A darkly hilarious academic article analyzed a hypothetical AI system designed to mulch elderly people into nutritious milkshakes. They corrected racial and gender unfairness in how the system chose who to mulch, provided a mechanism for designated mulchees to hold the system accountable for errors in computing their status, and provide transparency into how the mulching designation algorithm works. This satirical example makes the problem clear: a system can be fair, accountable, transparent yet still be patently unethical, because of how it is used. Nobody wants to drink their grandma.
For a non-hypothetical example I’ve studied: consider Deepfake algorithms, an AI technology often used for harm. Nearly all deepfakes online are pornography made without the consent of the overwhelmingly female victims they they depict. While we could make sure that the generative adversarial network used to create Deepfakes performs equally well on different skin types or genders, these fairness fixes mean little when harm is inherent in how algorithms are used: to create non consensual pornography leading to job loss, anxiety, and illness.
These kinds of use-based harms aren’t often caught by AI Ethics guidelines, which usually focus on how systems are built, not how they are used. This seems like a major oversight.
Why the focus on how AI is implemented, rather than how it is used?
It may be because of how these guidelines are used: in my experience, ethical AI principles are often used to guide and review systems as software engineers build them, long after the decision to build the system for a certain client or use has been made by someone high up the management chain. Avoiding use-based harm sometimes requires refusing to work with a certain client or not building the system altogether. But Ethical AI “owners” in companies don’t often have this power, or even when they do, suggesting to not build and not sell a piece of software can be socially difficult in a company that builds and sells software.

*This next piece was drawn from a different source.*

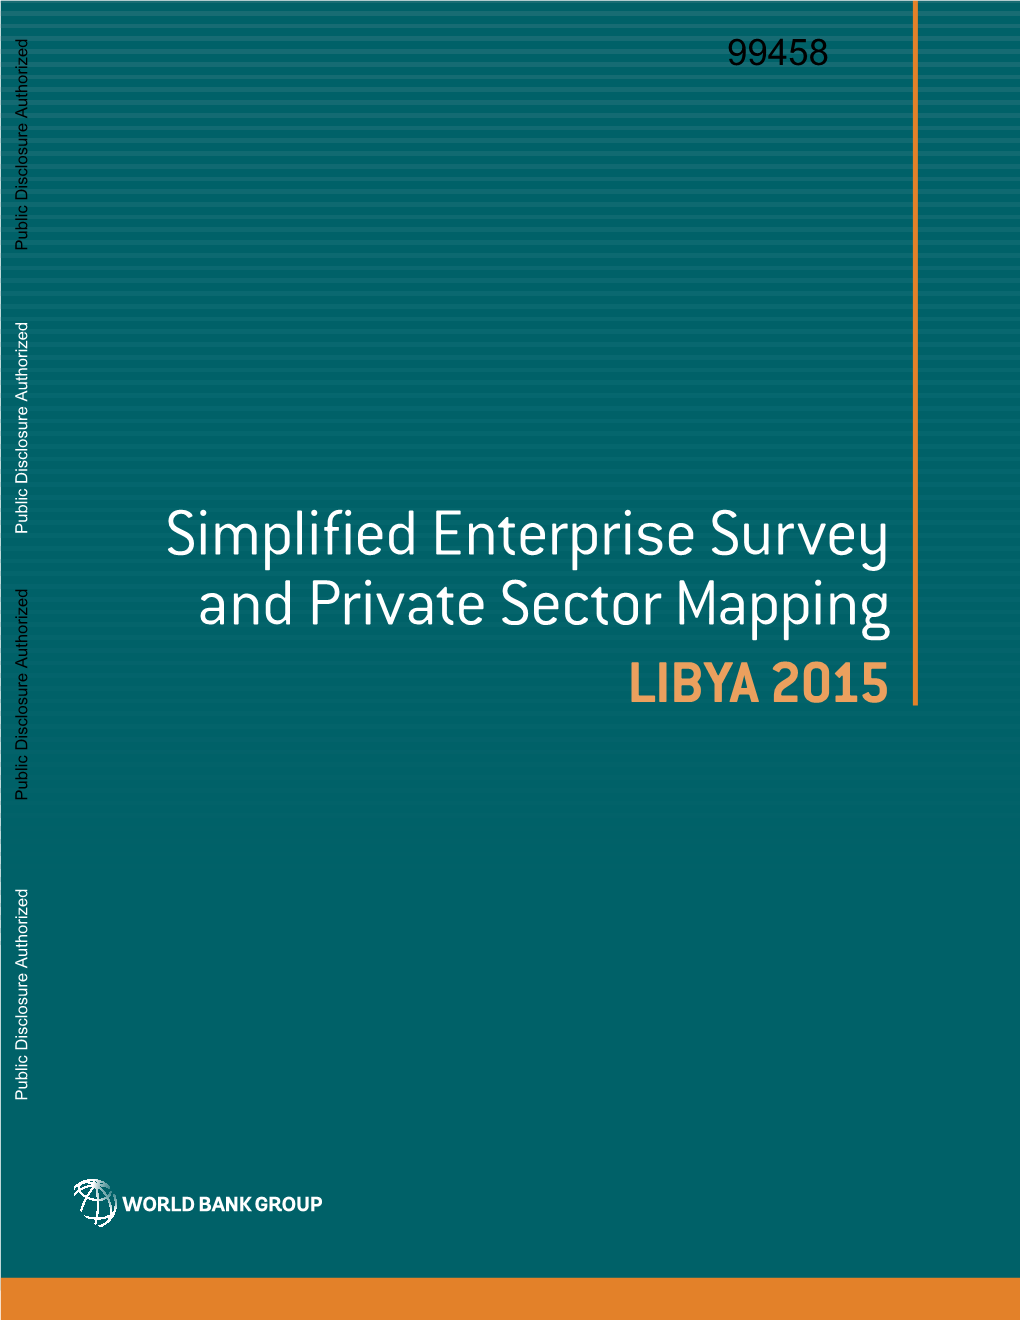 Simplified Enterprise Survey and Private Sector Mapping Libya 2015 Public Disclosure Authorized Public Disclosure Authorized

Ethical AI guidelines may also be deliberately designed to draw attention away from whether companies ought to build and sell a system by instead drawing attention to the more narrow question of how it is built. Researchers analyzed seven sets of ethical AI principles published by tech companies and connected groups, and found that “business decisions are never positioned as needing the same level of scrutiny as design decisions,” suggesting that profit motives may encourage scrutiny on how to build the system rather than broader business decisions such as whether and whom to sell the system to. It makes sense that companies’ ethical AI guidelines focus on how their software is built, rather than how it is used: focusing on the latter would restrict who companies can sell to.

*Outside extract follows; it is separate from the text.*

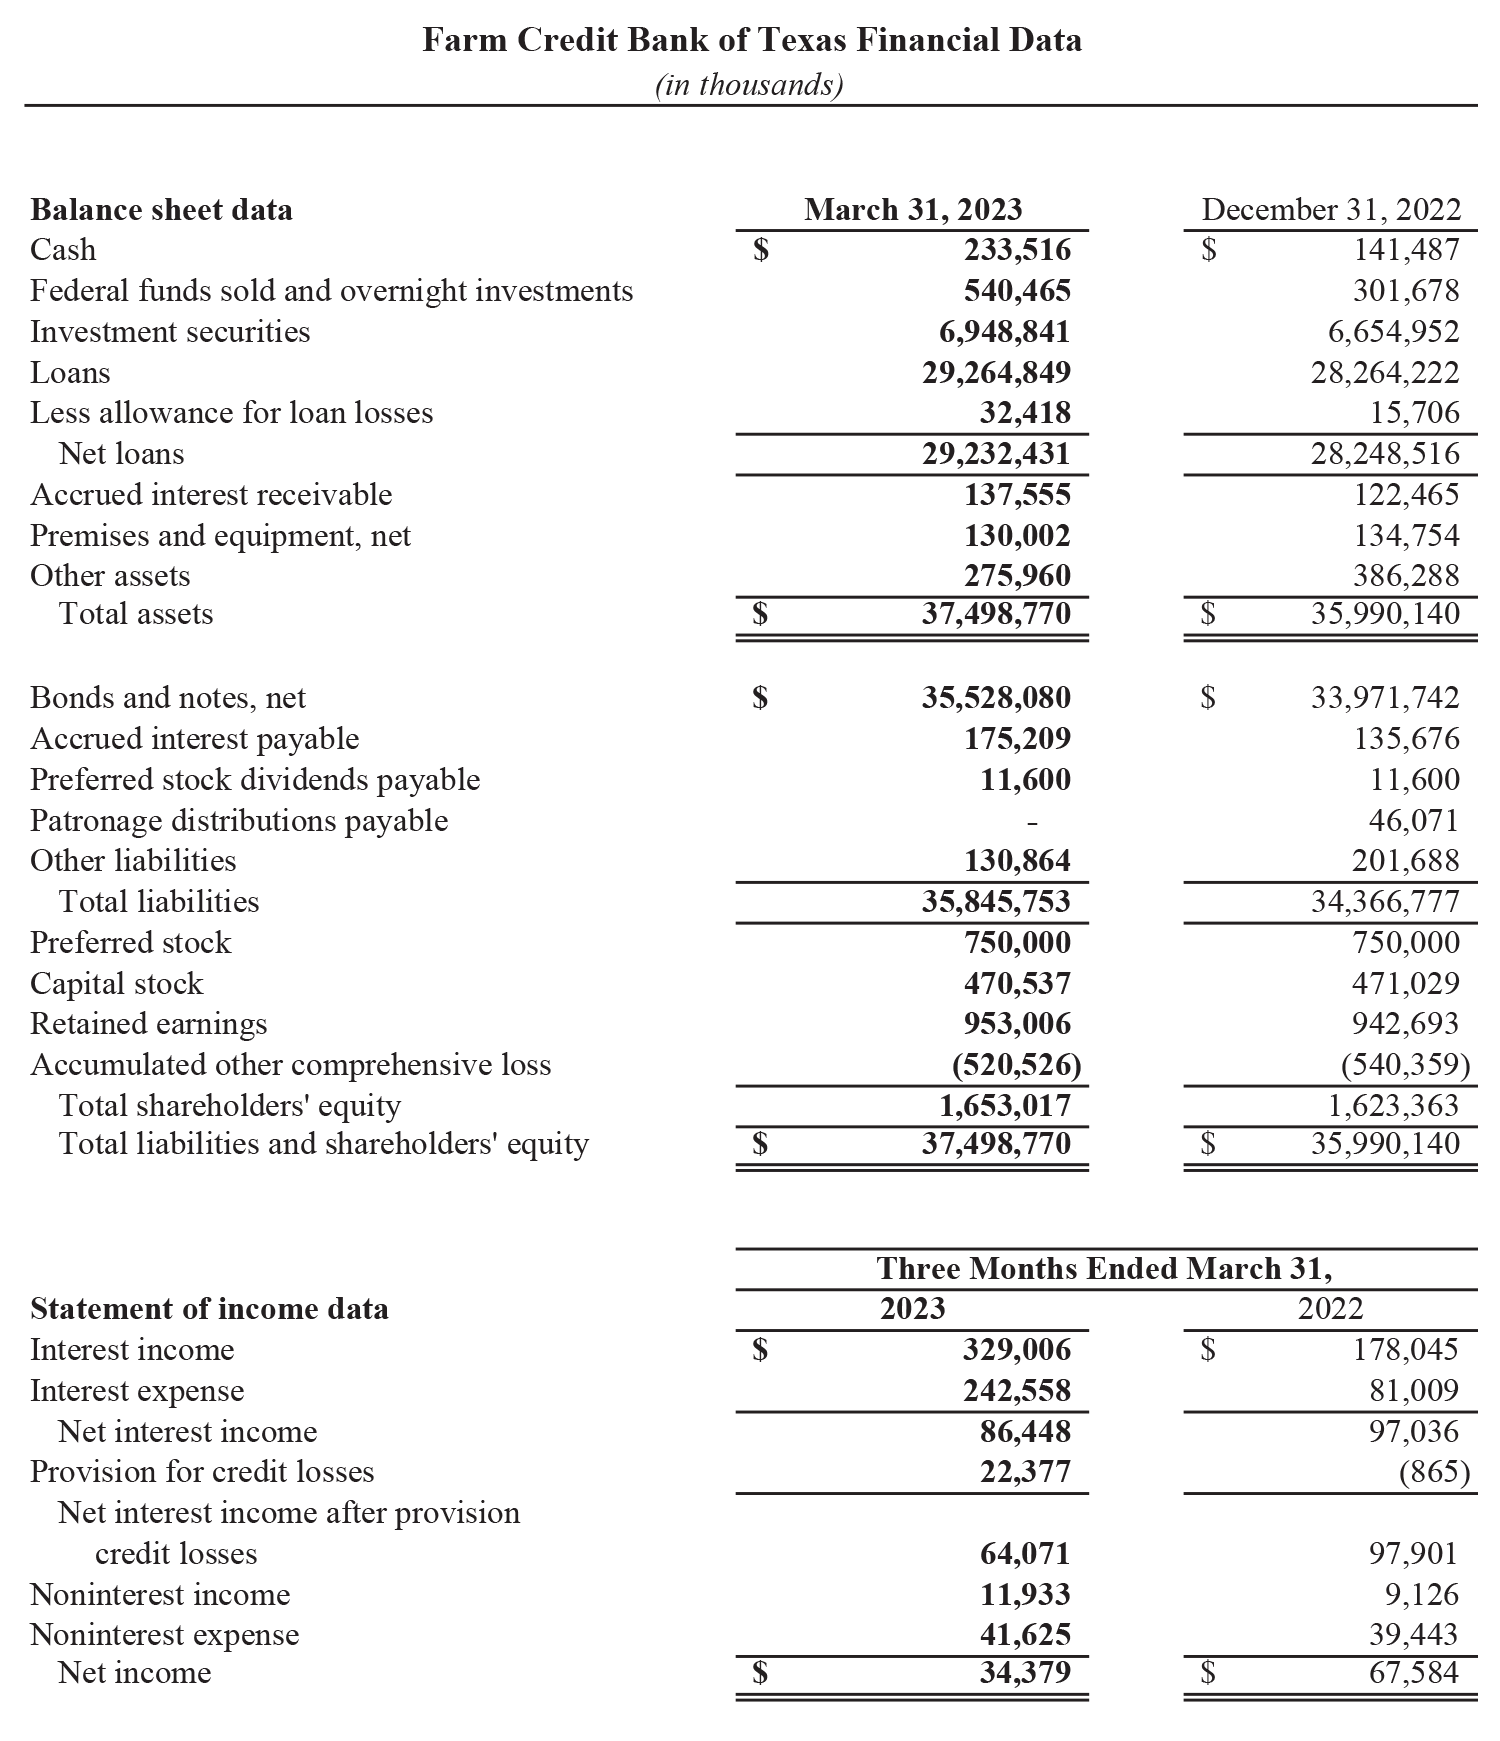 Snapshot of Farm Credit Bank of Texas' first-quarter (2023) financial results

But even without profit motives, the Free Software movement guarantees the “freedom to run the program as you wish, for any purpose,” even for harm, and open source licenses may not curtail how the software is used. My own research shows that open source contributors use ideas from free and open source licenses to similarly disclaim accountability for harm caused by the software they help build: they just provide a neutral tool, ethics is up to their often unknown users.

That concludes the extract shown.